The new Table menu provides access to table tools (see below).

From the Table menu, you can split a table across multiple pages and add automatically repeating header and footer rows that synchronize across split tables. For faster formatting, you can also instantly select all even or odd rows or columns.
In the Measurements palette, you can rotate a table to any arbitrary angle. Unfortunately, all the tables created by splitting an existing table must be rotated to the same angle. You can also group a table just like any other page item.
Part III: Collaboration
Hold on to your hats. You’ll start to see some serious innovation in the collaboration tools and technologies. But first, let me deal with the checkered success of version 7’s integration with other programs.
Integration With Other Applications: In addition to the text and picture file formats imported by previous versions of QuarkXPress, QuarkXPress 7 adds additional support for native files from Photoshop and Illustrator, PDF, Flash (SWF), and Excel files. Unfortunately, the Photoshop Import capability is disabled in the public beta of QuarkXPress 7, so I can’t show you how it works. But here’s a description of the process for all of the file formats I just mentioned.

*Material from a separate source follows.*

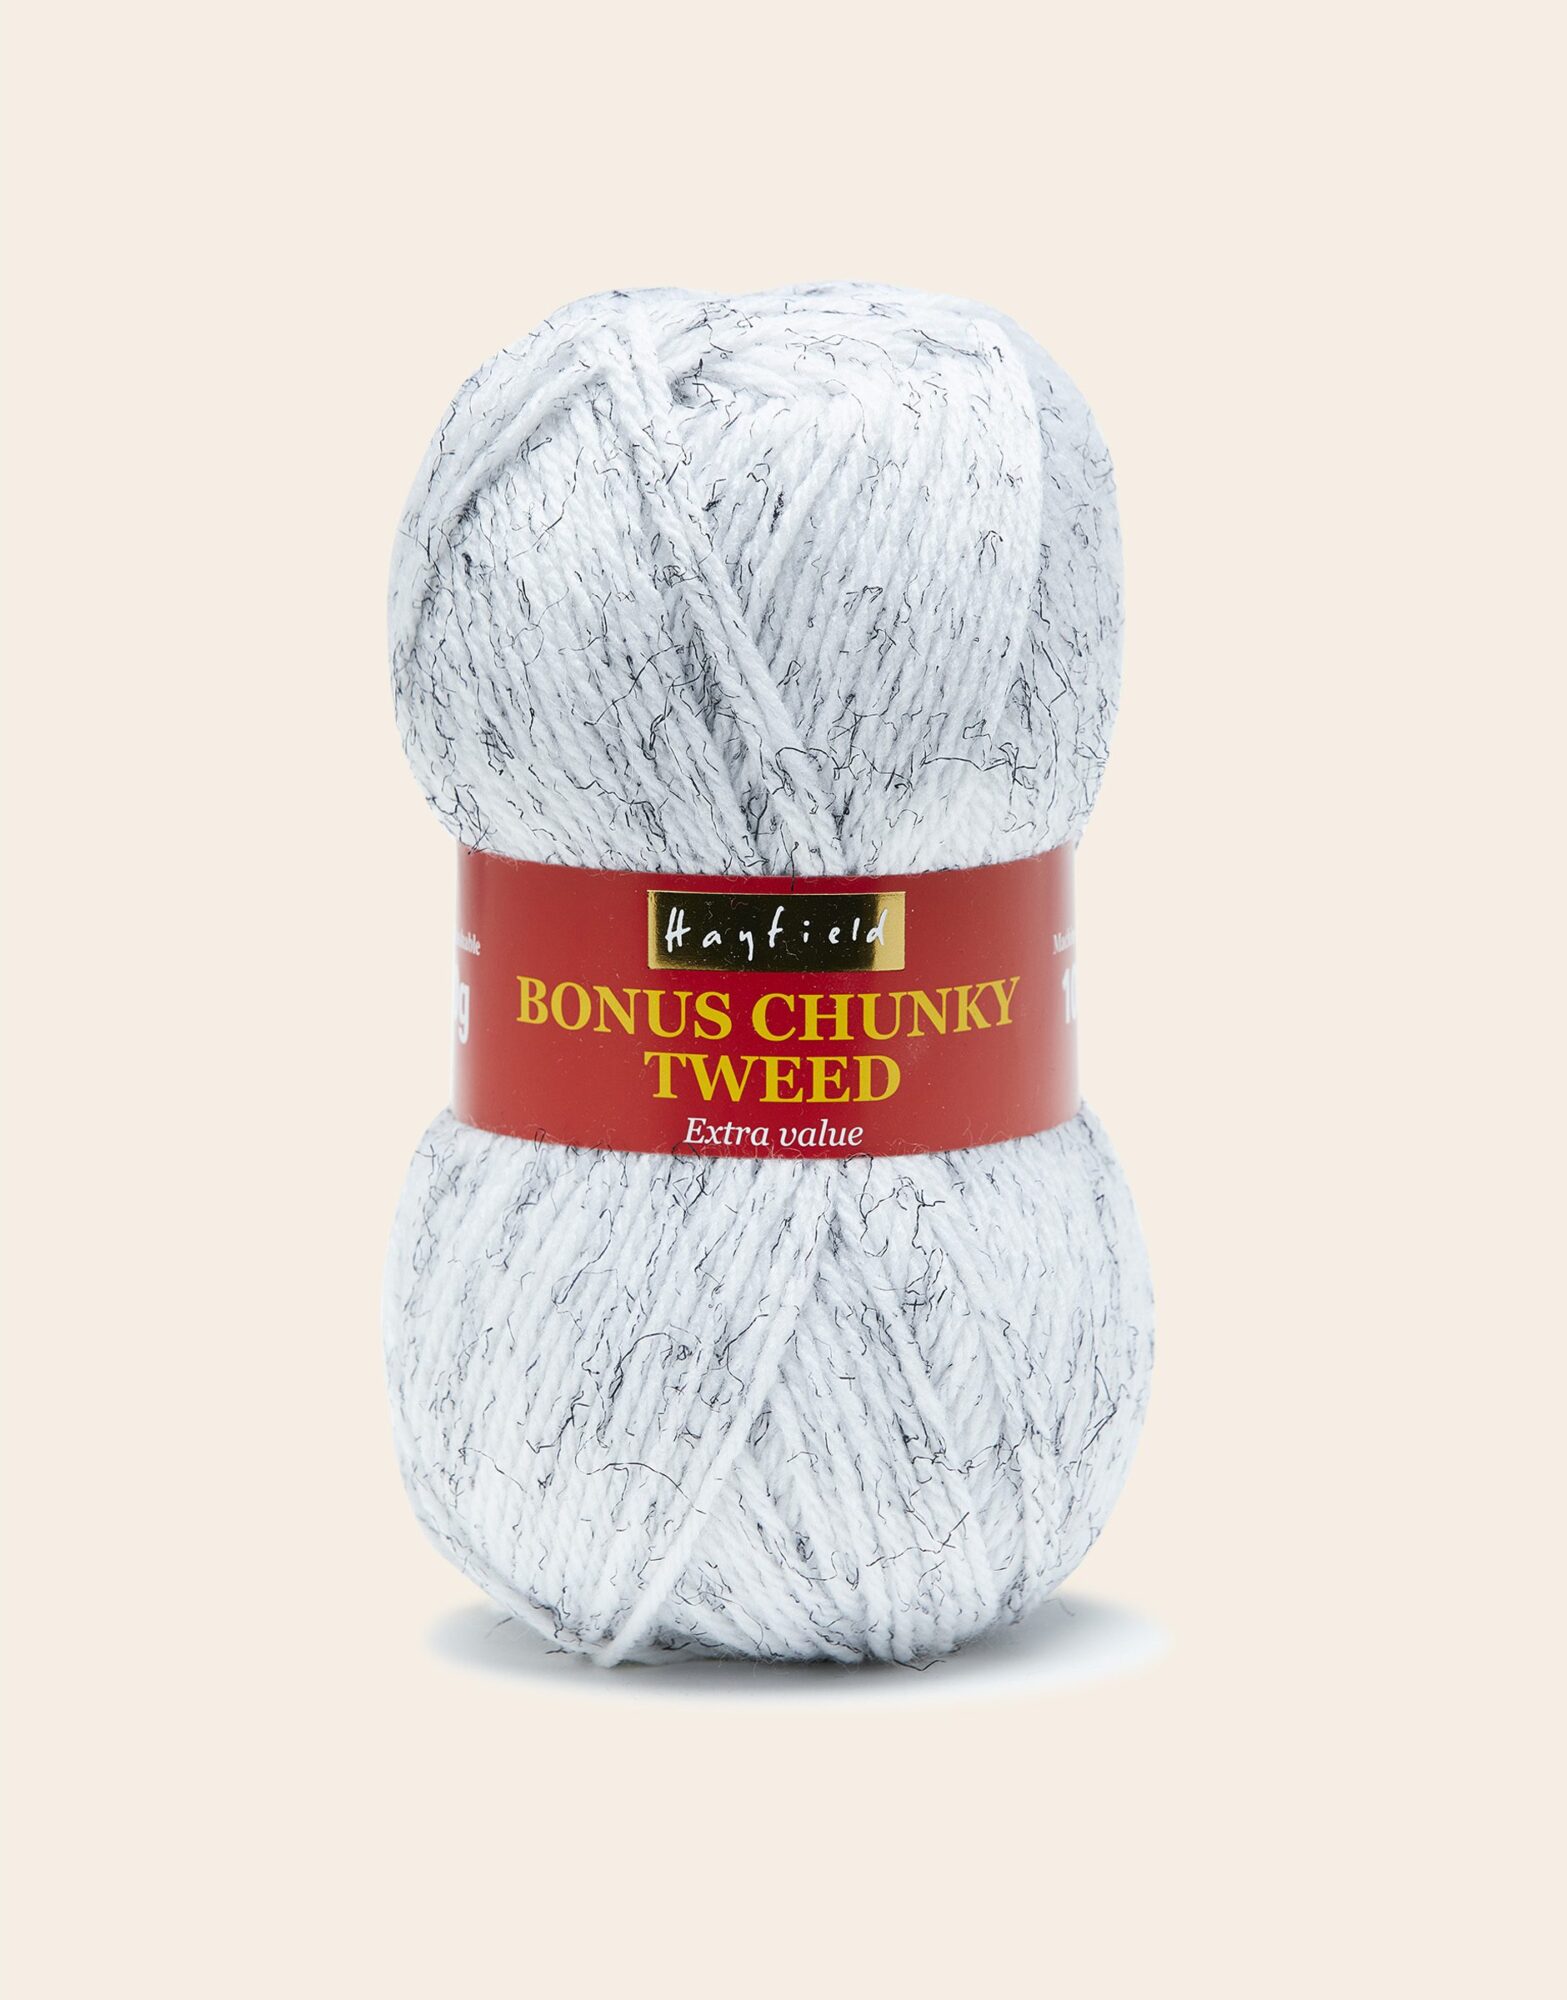 hayfield-bonus-chunky-tweed

Photoshop: You can import a native Photoshop file into a QuarkXPress 7 picture box. But unlike other page-layout applications, you can also control the blending mode and opacity of each layer that exists in the Photoshop file. This is a powerful feature because you can use one Photoshop image in several areas of your document, adjusting its layers in each instance to create different effects — all from one Photoshop file.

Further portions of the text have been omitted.